Based on this kaggle competitions and example: https://www.kaggle.com/morrisb/what-does-your-smartphone-know-about-you

**Reference:**
Davide Anguita, Alessandro Ghio, Luca Oneto, Xavier Parra and Jorge L. Reyes-Ortiz. _A Public Domain Dataset for Human Activity Recognition Using Smartphones_. 21st European Symposium on Artificial Neural Networks, Computational Intelligence and Machine Learning, ESANN 2013. Bruges, Belgium 24-26 April 2013.

## Initialize Cerebral Cortex

In [None]:
%reload_ext autoreload
from util.dependencies import *
CC = Kernel("/home/md2k/cc_conf/")

import pandas as pd
pd.options.display.max_rows=20
import numpy as np

# To build models
from sklearn.preprocessing import StandardScaler, LabelEncoder
from sklearn.model_selection import train_test_split
from sklearn.metrics import accuracy_score
from sklearn.decomposition import PCA
from sklearn.manifold import TSNE

# To gbm light
from lightgbm import LGBMClassifier

## Load and combine data from files

In [None]:
train_df = pd.read_csv('ml_data/train.csv')
test_df = pd.read_csv('ml_data/test.csv')

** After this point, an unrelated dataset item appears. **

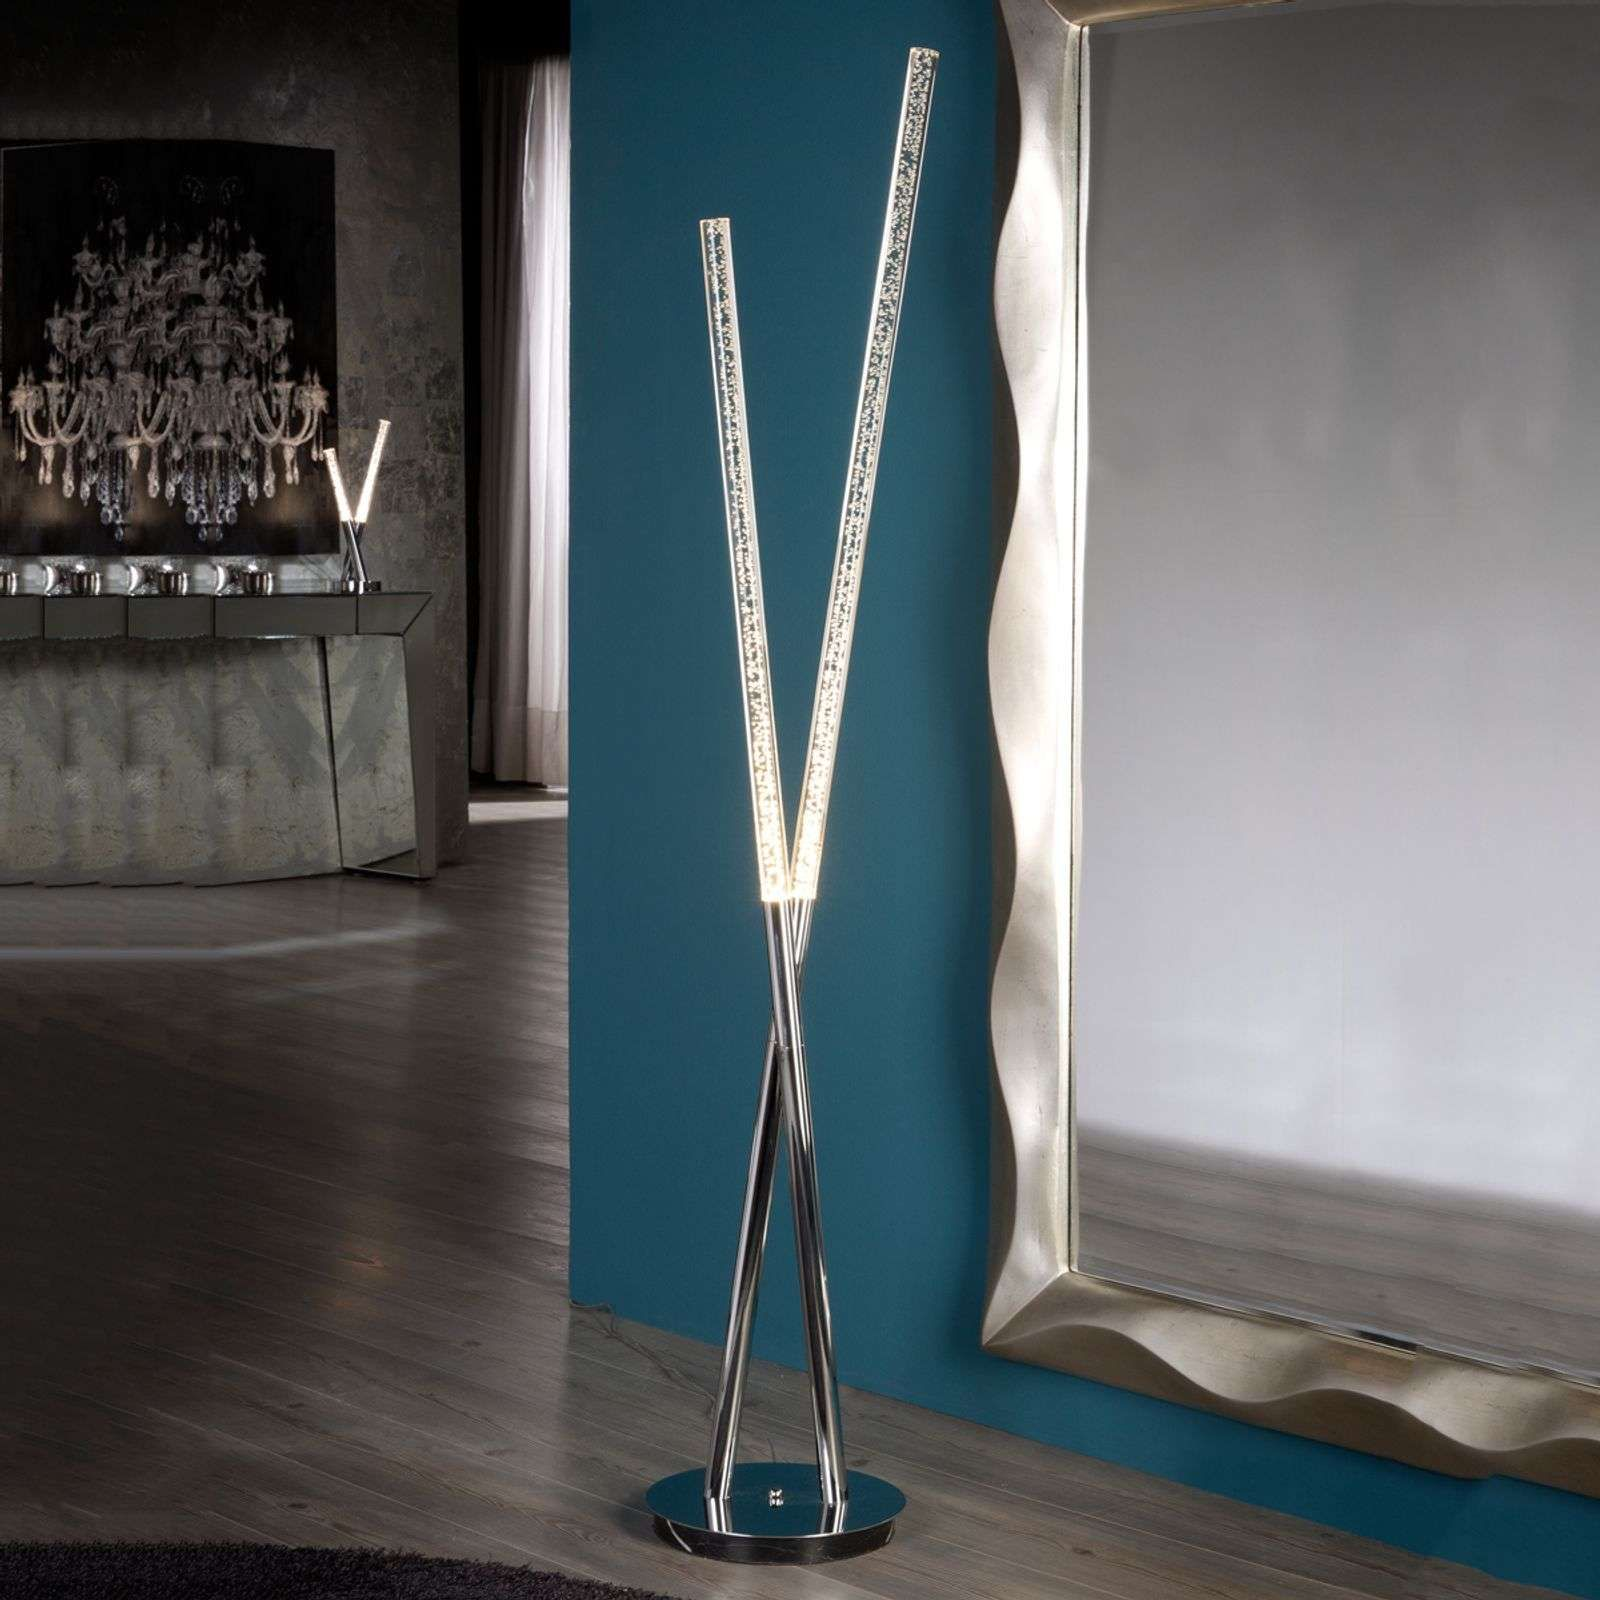 Glanzende Led Stehleuchte Cosmo Mit Acrylrohren Tube Acrylique

train_df['Data'] = 'Train'
test_df['Data'] = 'Test'
both_df = pd.concat([train_df, test_df], axis=0).reset_index(drop=True)
both_df['subject'] = '#' + both_df['subject'].astype(str)

## Get stream data
Once a stream is identifier by name, it needs to be loaded into a `DataStream` object by calling `get_stream`.  This pulls into a single object all the metadata associated with the stream as well as a reference to the data so that it can be accessed as needed.

In [None]:
both_df

In [None]:
label = both_df.pop('Activity')
pd.DataFrame(label).groupby(['Activity']).size().reset_index(name='Counts')

In [None]:
# Create datasets
tsne_data = both_df.copy()
data_data = tsne_data.pop('Data')
subject_data = tsne_data.pop('subject')

# Scale data
tsne_data = StandardScaler().fit_transform(tsne_data)

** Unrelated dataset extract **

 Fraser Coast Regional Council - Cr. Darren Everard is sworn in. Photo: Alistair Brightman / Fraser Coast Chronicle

# Reduce dimensions (speed up)
tsne_data = PCA(n_components=0.95, random_state=3).fit_transform(tsne_data)

# Split the data
label_encoded = LabelEncoder().fit_transform(label)
X_train, X_test, y_train, y_test = train_test_split(tsne_data, label_encoded, random_state=3)


In [None]:
number_of_estimators=50
random_states=3

# Create the model
lgbm = LGBMClassifier(n_estimators=number_of_estimators, random_state=random_states)
lgbm = lgbm.fit(X_train, y_train)

# Test the model
score = accuracy_score(y_true=y_test, y_pred=lgbm.predict(X_test))
score